On 28 March 1853, Britain declared war on Russia, marking the beginning of the Crimean War, which saw British, French, Sardinian and Turkish troops allied together against Russia’s attempt to expand its influence into European territory in the Ottoman empire. Photographer Roger Fenton (1819-69) was sent by the publishers Agnew’s to photograph the war. A selection of Fenton’s photographs of the conflict are shown here.
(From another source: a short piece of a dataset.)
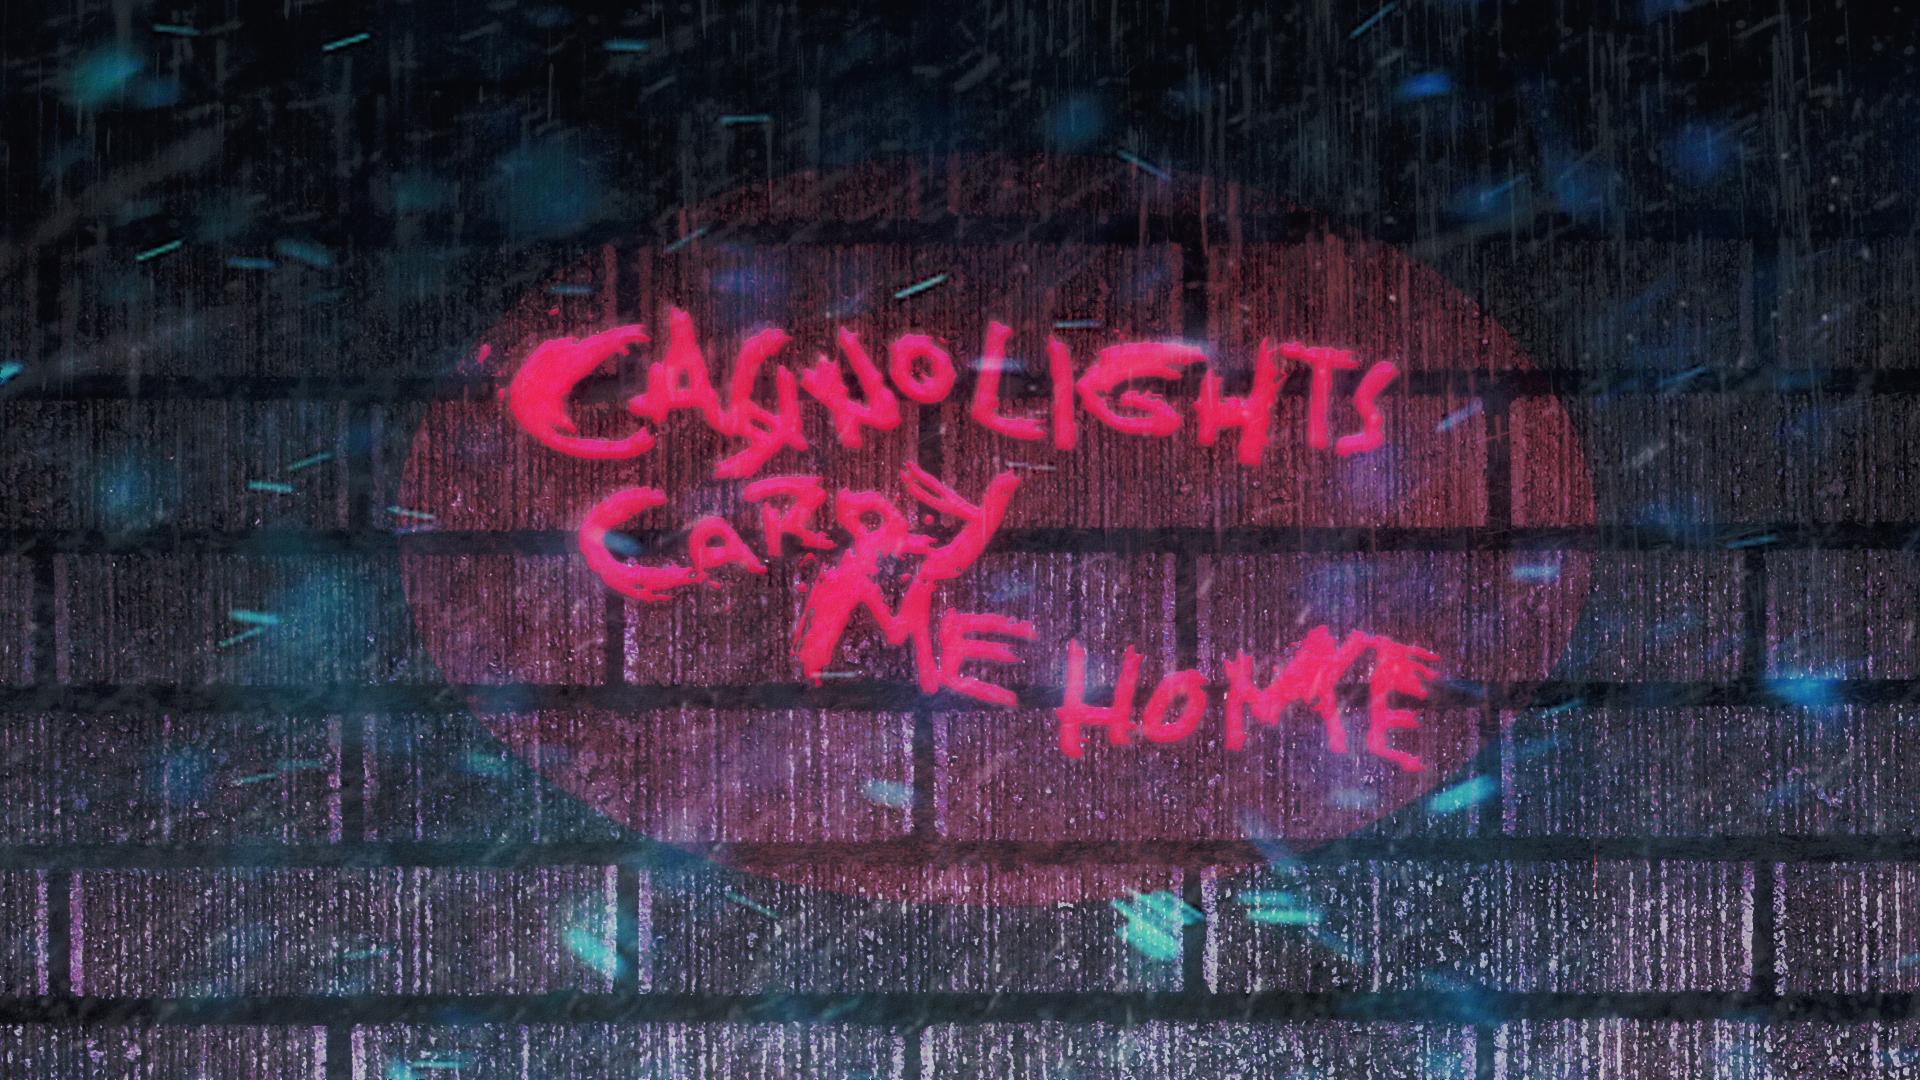 CASINO LIGHTS, CARRY ME HOME
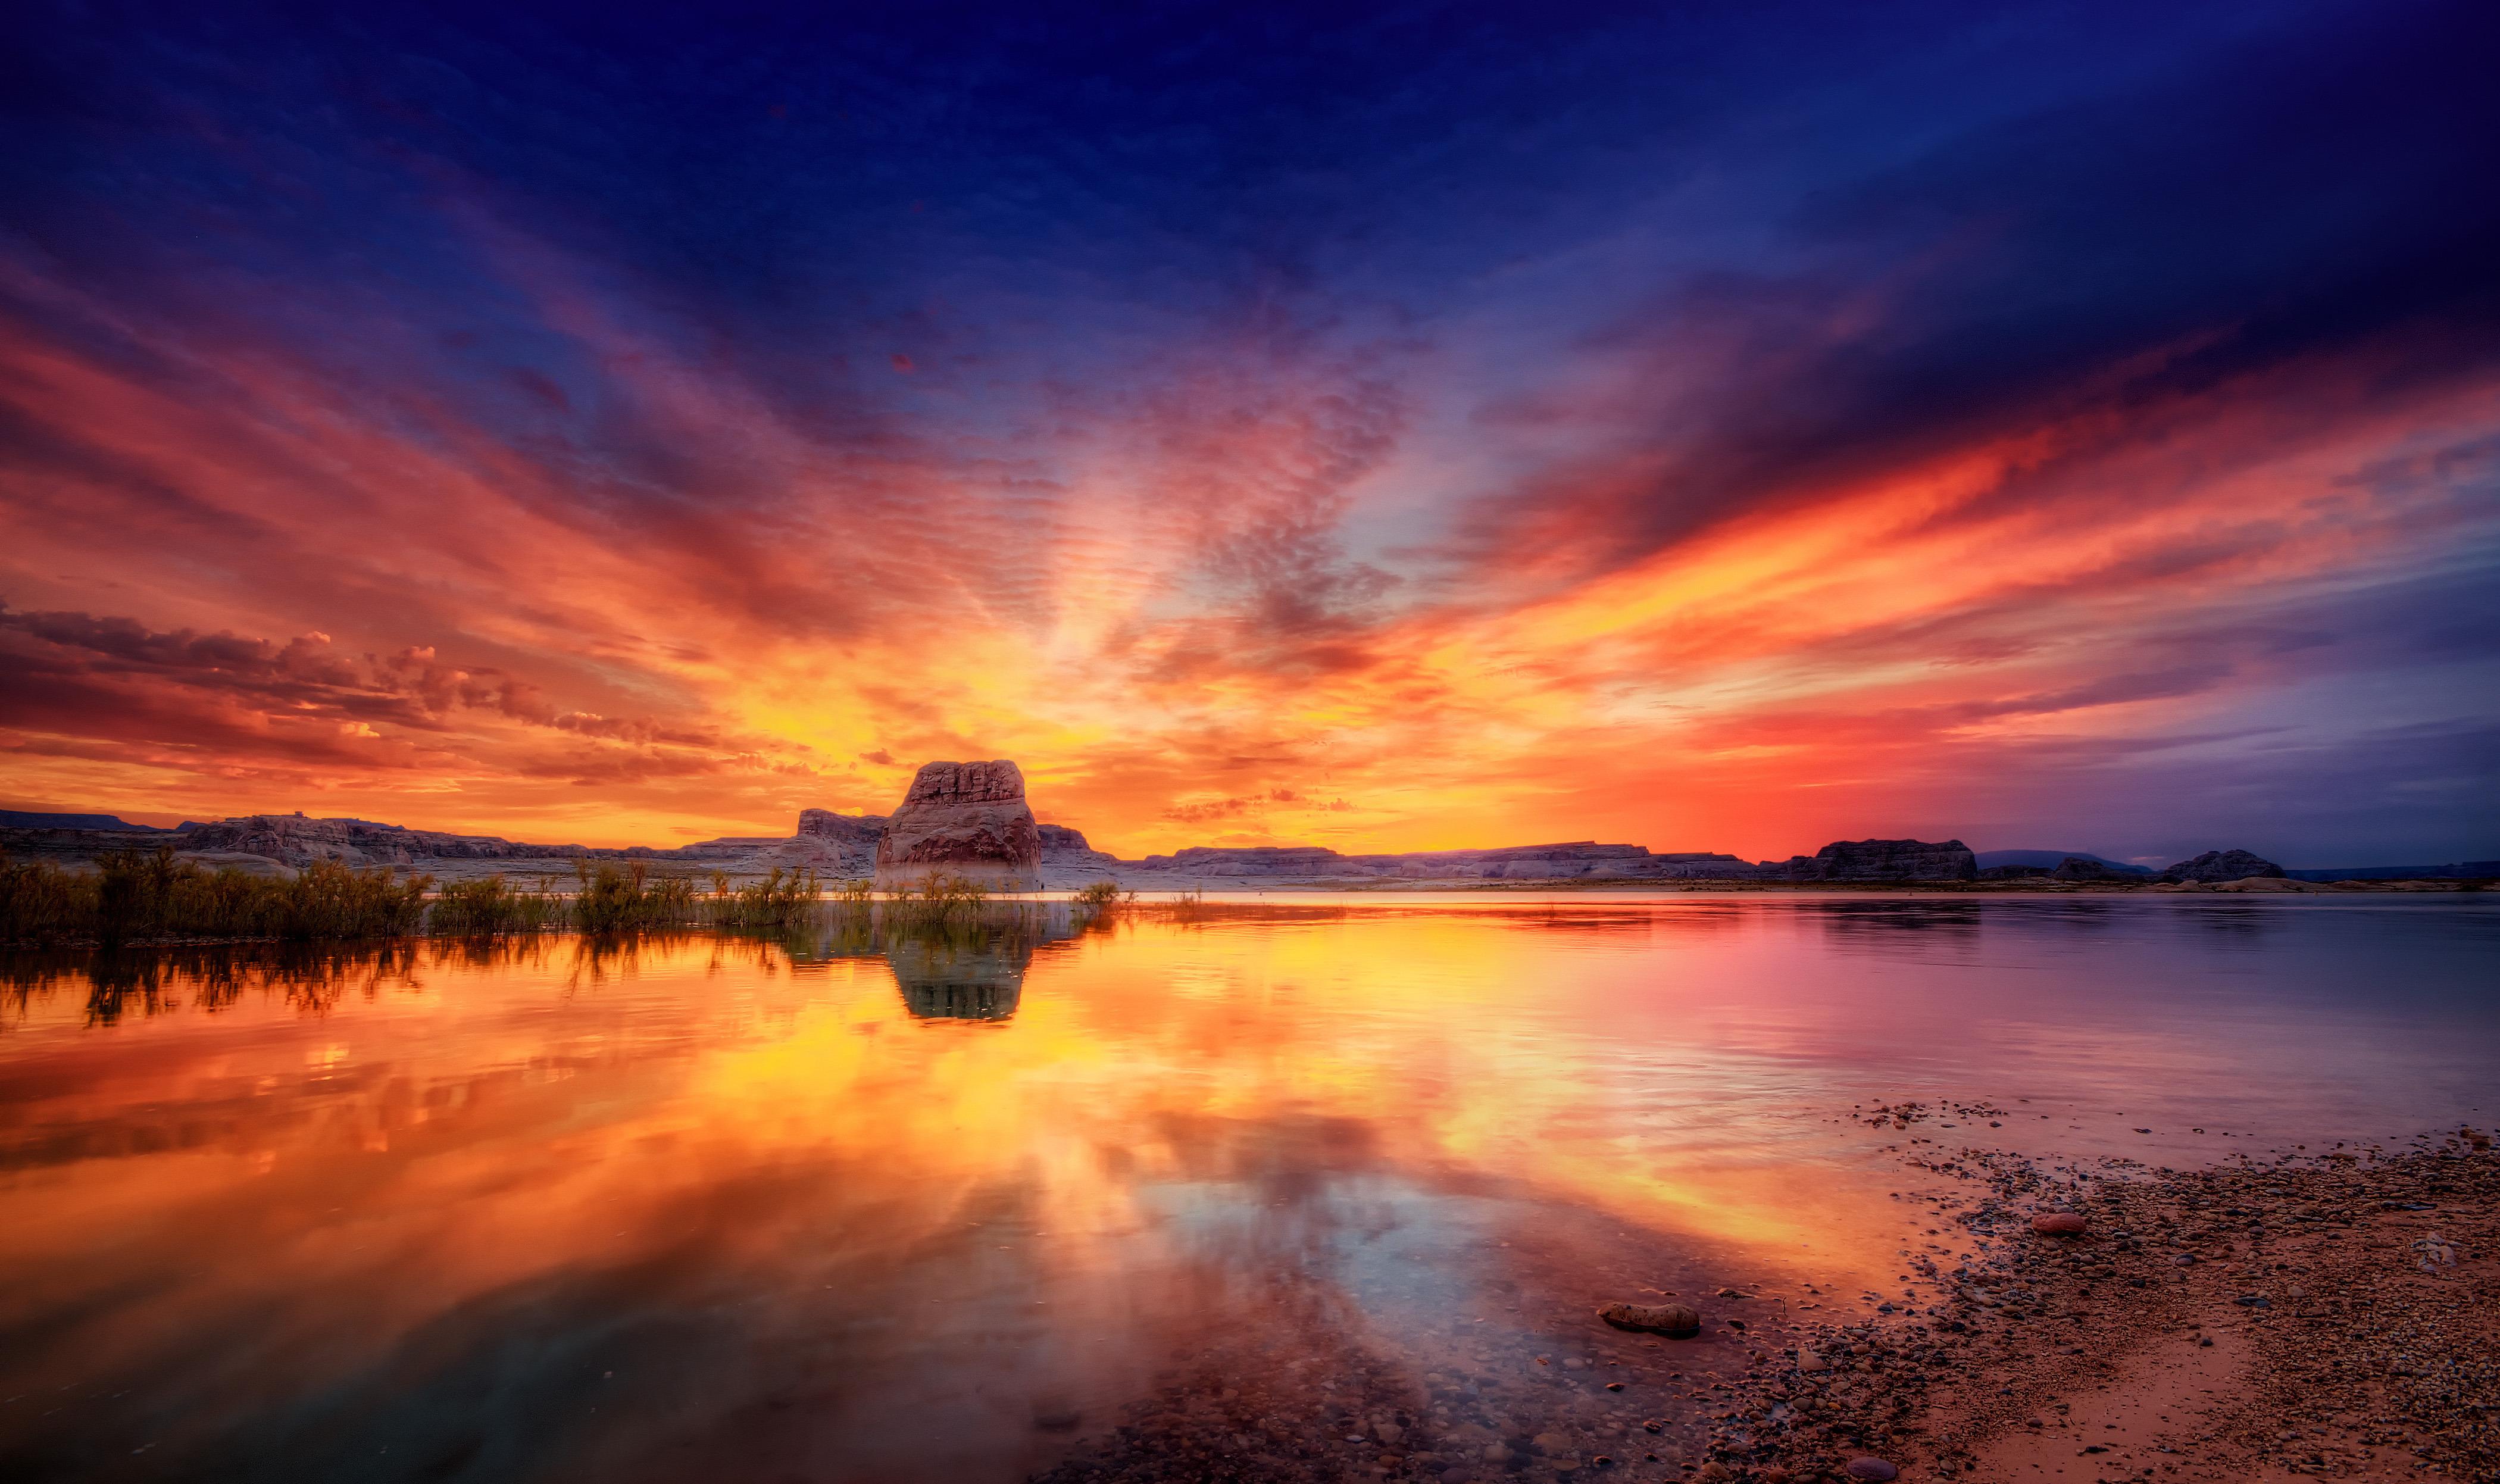 Обои картинки фото Природа, Изумительный закат.

Fenton arrived after the major battles were fought in 1854. He concentrated on creating portraits of the troops and capturing the empty battlefields on which so many lives were lost. Published in contemporary newspaper reports, Fenton’s highly influential photographs showed the impact of war to the public for the first time. The principal aim of the Crimean campaign was to capture Sevastopol (traditionally Sebastopol), the most important naval base in the region. Sevastopol fell on 8 September 1855 after the French assault on Malakoff. The Russians abandoned the town that night, with much of the town left in ruins. Peace was finally declared in April 1856, and on 27 April 1856, The Treaty of Paris came into effect, declaring the Black Sea a neutral space. The Crimean War indelibly marked public consciousness during the Victorian era, as illustrated by Alfred Lord Tennyson’s (1809-92) famous poem The Charge of the Light Brigade (1854).